During FY21, PPL’s natural gas production declined by around 4 percent year-on-year; however, the crude oil and NGL production increased by around 3 percent year-on-year. The declining gas production coupled with a fall in the Sui wellhead price were the main factors for dragging the E&P giant’s revenues in FY21. However, PPL’s bottomline grew by over 4 percent year-on-year in FY21 despite lower topline and lower other income primarily due to declining exploration and prospecting expenditure.

PPL posted a decline in the crude oil and natural gas production for FY22 as well. However, the company’s revenues grew by over 36 percent year-on-year due to whopping increase in international oil prices as well as increase in Sui gas wellhead prices. Along with higher prices, PPL’s revenues also benefited from significant currency depreciation. With no noticeable increase in the operating costs. Despite more than twice increase in exploration and prospecting expenses, the company’s profit before tax rose by 43 percent year-on-year. PPL incurred loss from its associate, Pakistan International Oil Limited during the year. Though the company’s profit before tax depicted noticeable growth in earnings, PPL’s bottomline grew only by two percent year-on-year due to the imposition of super tax.

Pakistan Petroleum Limited in FY23 and beyond

FY23 was a good year for the oil and gas exploration and production companies as the currency depreciation and price increase boosted profitability.

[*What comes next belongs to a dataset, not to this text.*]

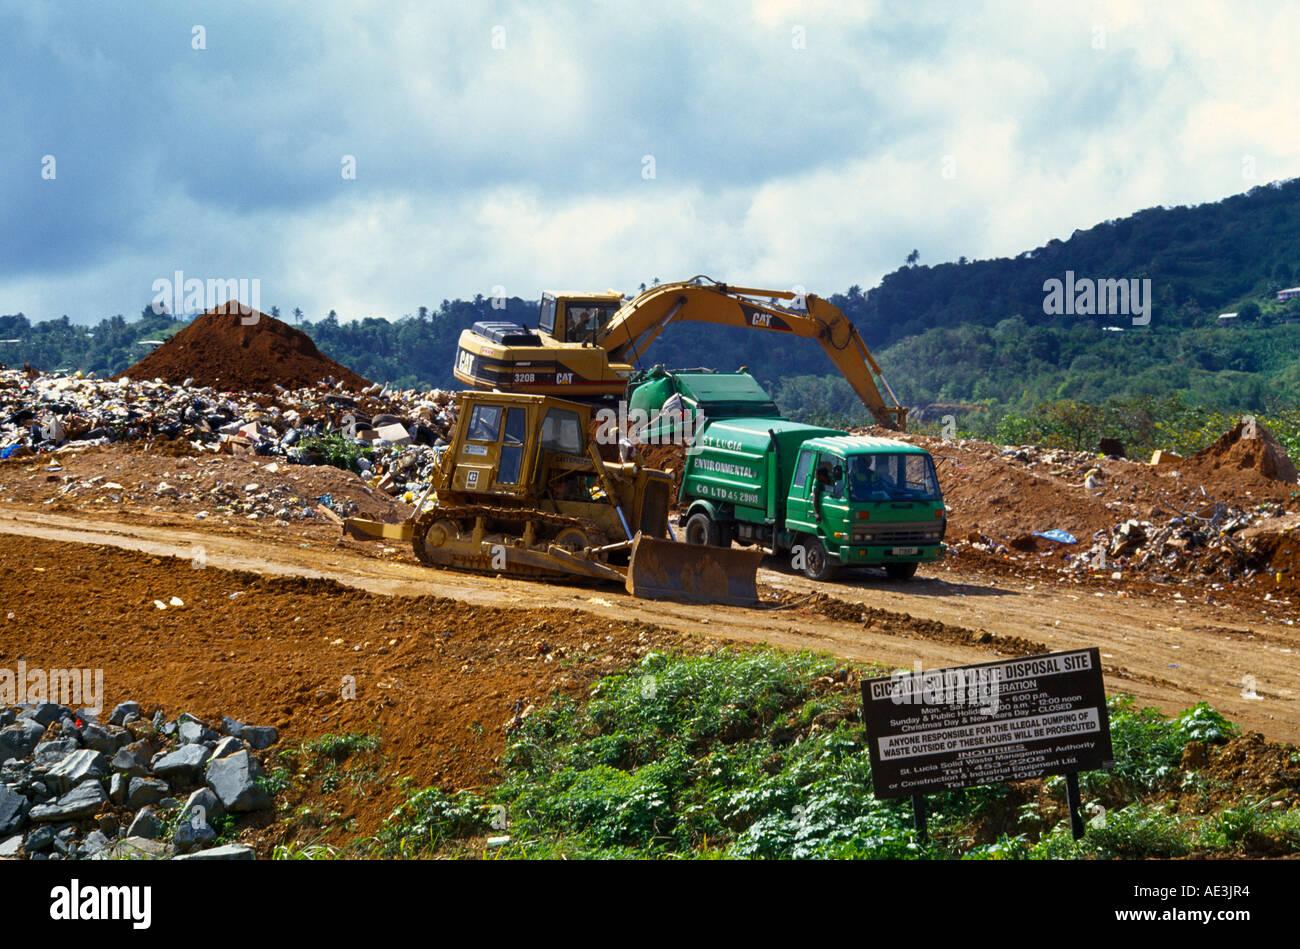 ciceron st lucia closure of rubbish tip site digger u0026 bulldozer

PPL alsoreported massive growth in its earnings for FY23.

The growth came from the top as revenues of the E&P firm were seen growing by 42 percent year-on-year in FY23. The rise in revenues came not only from higher prices, but PPL was able to make progress with volumetric sales as well. Where the oil sales remained stable, the gas sales picked up by 2 percent year-on-year during the year. Other factors that contributed to revenue growth were the rise in gas wellhead prices of Sui and the depreciation of PKR against USD.

Despite the rise in royalty expenses and operating costs, PPL’s gross profit was seen rising by round 46 percent year-on-year with 1.8 percentage point rise in gross margins for FY23. Another key contribution to the bottomline of the PPL was the contraction in exploration and prospecting expenditure – a major cost factor for the oil and gas E&P companies. The decline in exploration and prospecting expenditure was due the lower cost of dry wells during the year.

Share of loss from associated also slid down while other income increased on the back of exchange gains witnessed during the year for PPL. Growth in PPL’s earning grew by 83 percent year-on-year in FY23. It is expected that there will be a revision in gas prices, which would help the company in solidifying profitability further but also improve liquidity that has been affected due to accumulation of circular debt.

The oil and gas giant posted its highest ever quarterly earnings in 1QFY24 with a year-on-year growth of 11 percent. The growth revenues and profits in first quarter of FY24 were primarily driven by higher prices as well as weaker domestic currency.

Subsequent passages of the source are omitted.